Lets return to our childhood and think about primary school for a moment.
I am speaking about the time when they were six or seven years elderly.
The query here is,
What was the first thing they taught us at primary school? First thing they taught us was Writing and Reading, right?
Why it wasn't Listening and Speaking? Of coursework, listening and speaking were the core abilities that they were accepted to a primary school.
And all of us know that none of us teach our kids how to pronounce vowels, consonants and words like the lessons they get in a language learning school?
But how did they learn to speak and to understand what they listen to when they were a child?
In my view, of the reason is that they listen to words plenty of times.

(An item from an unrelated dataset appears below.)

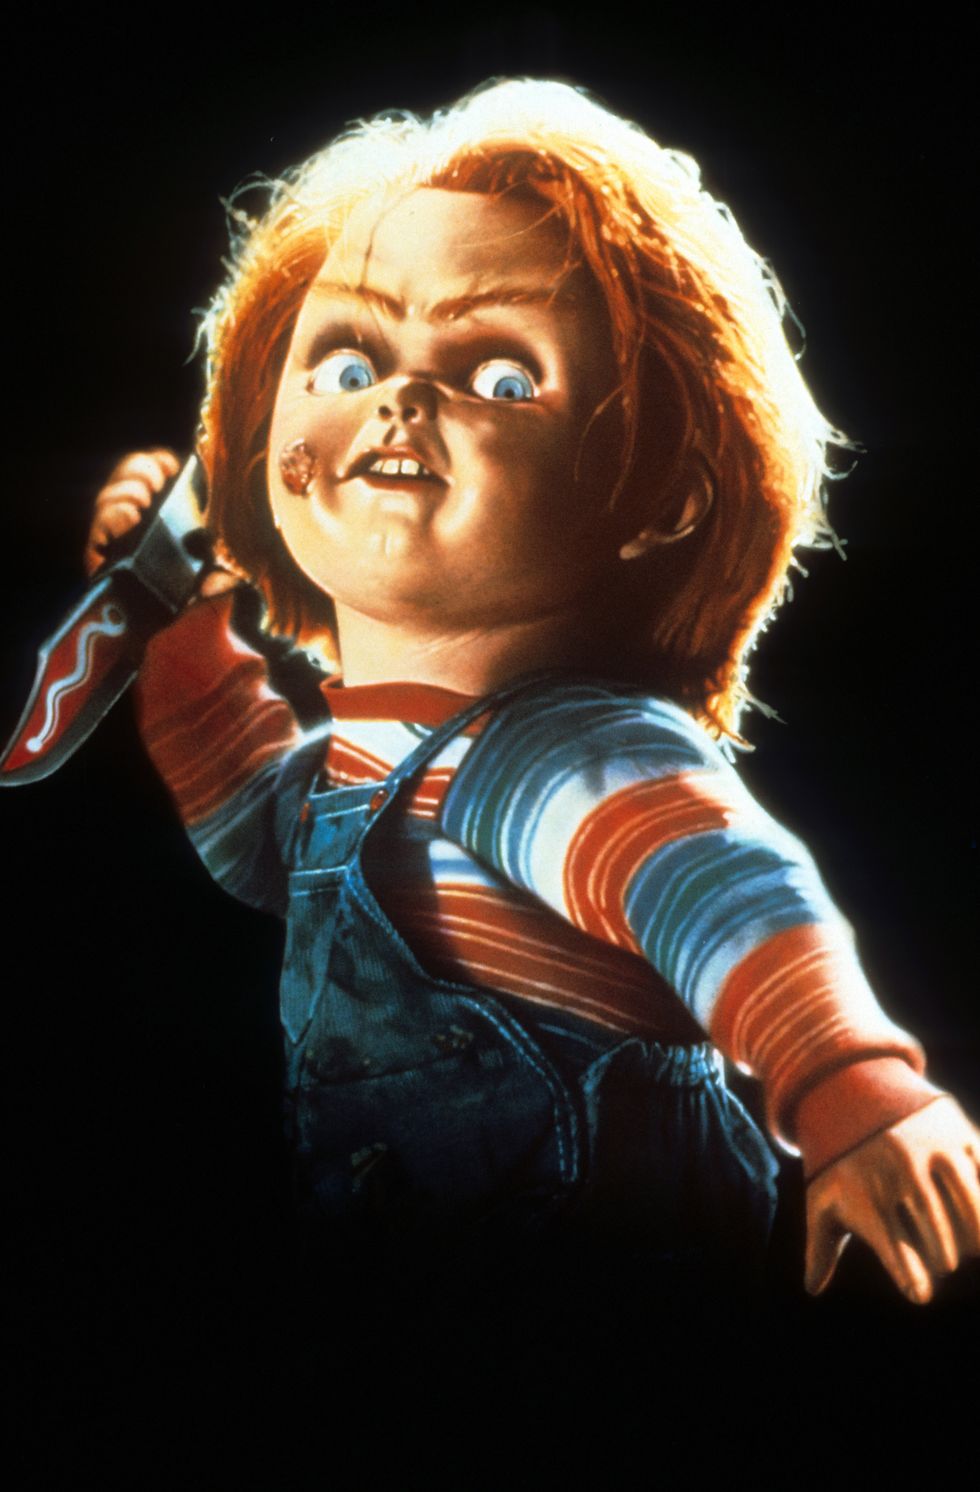 scariest horror movie characters, chucky child's play

When they listen to the sound of a word plenty of times, they will have sound knowledge in our memory and then our brain will send the right command to our speaking organs how to produce that sound. Make sense?
Did you think about this, sometimes they pronounce a word wrong and anyone else tells us the correct spelling, possibly they can't pronounce that word correctly after hearing it one time, but in most cases they will be able to pronounce that word correctly after 3-5 times they listen to that word, and they are doing this by hearing.

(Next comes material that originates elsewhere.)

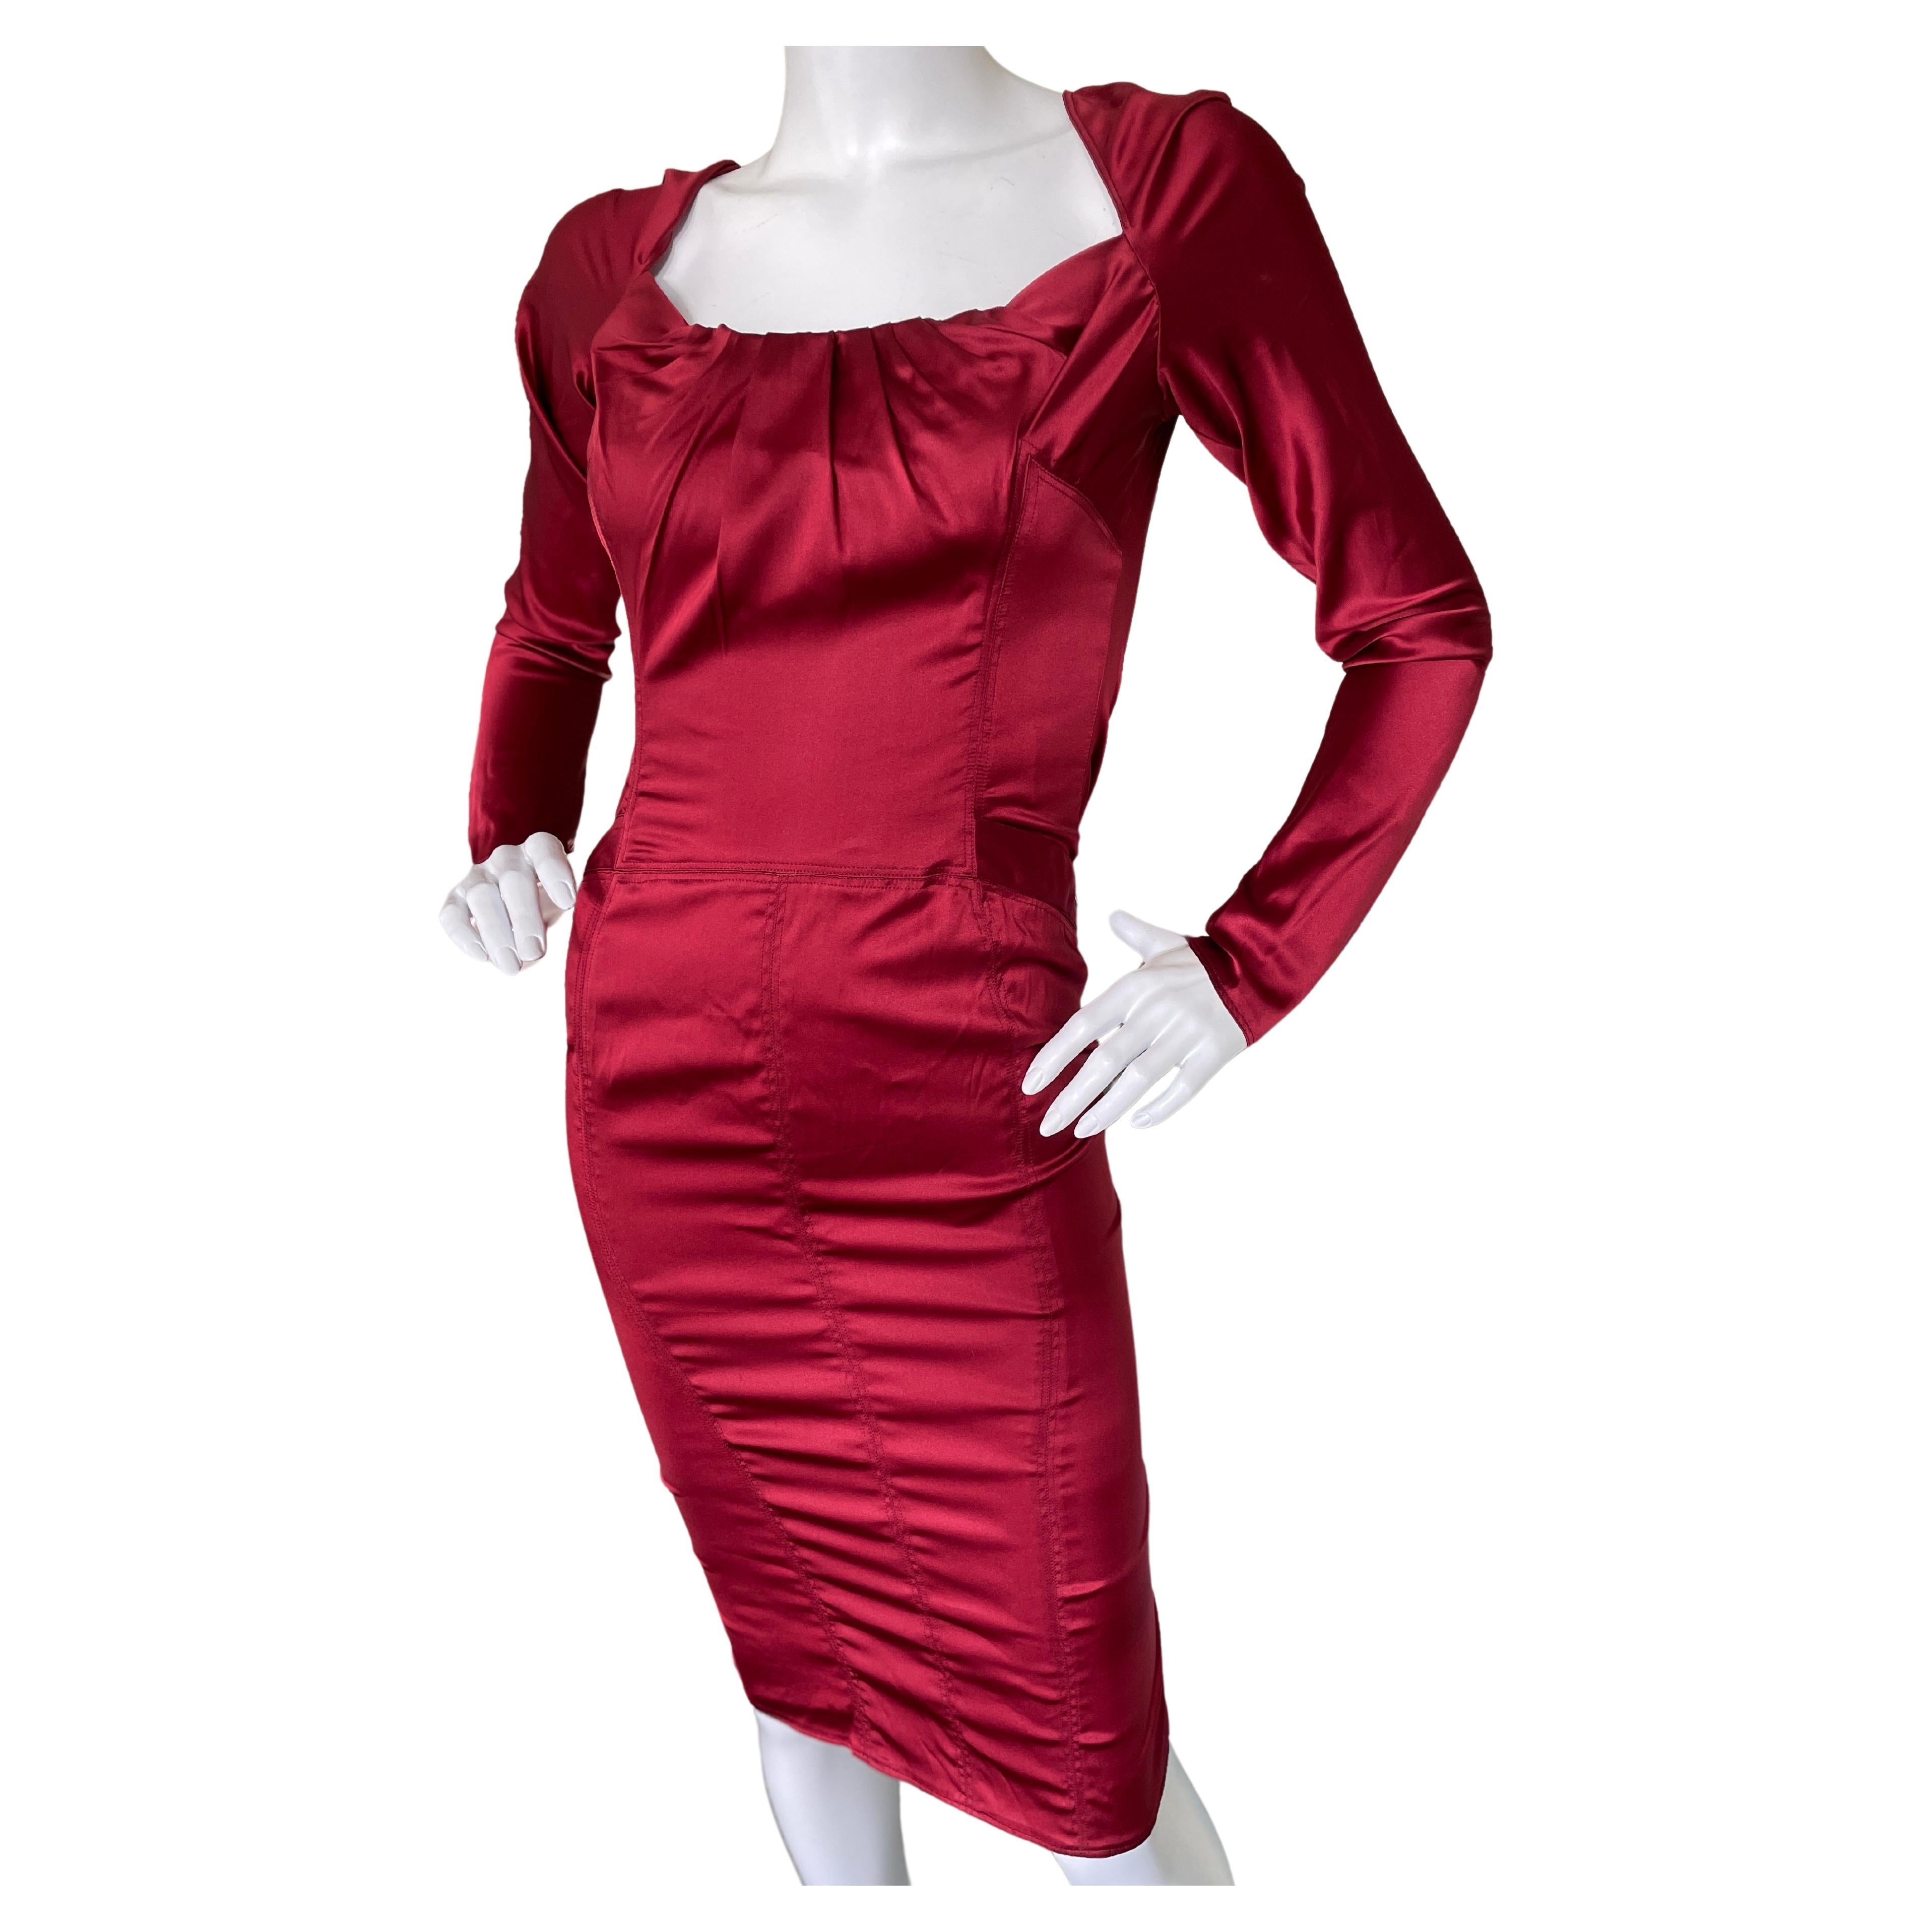 Gucci by Tom Ford Autumn 2003 Red Silk Cocktail Dress For Sale

Sometimes they feel the necessity of a tiny little bit of time, after the full pronunciation of a word, to clearly identify that word. Why this happens is that, our brain trying to match the sound they heard with an existing sound knowledge in our memory. But they did not put that sound knowledge in our memory. In most cases they will expect the pronunciation of a word, like they saw that word on a paper.
In this coursework they are going to make use of some digital tools to improve our listening experience and because of listening they are also going to improve our speaking skills.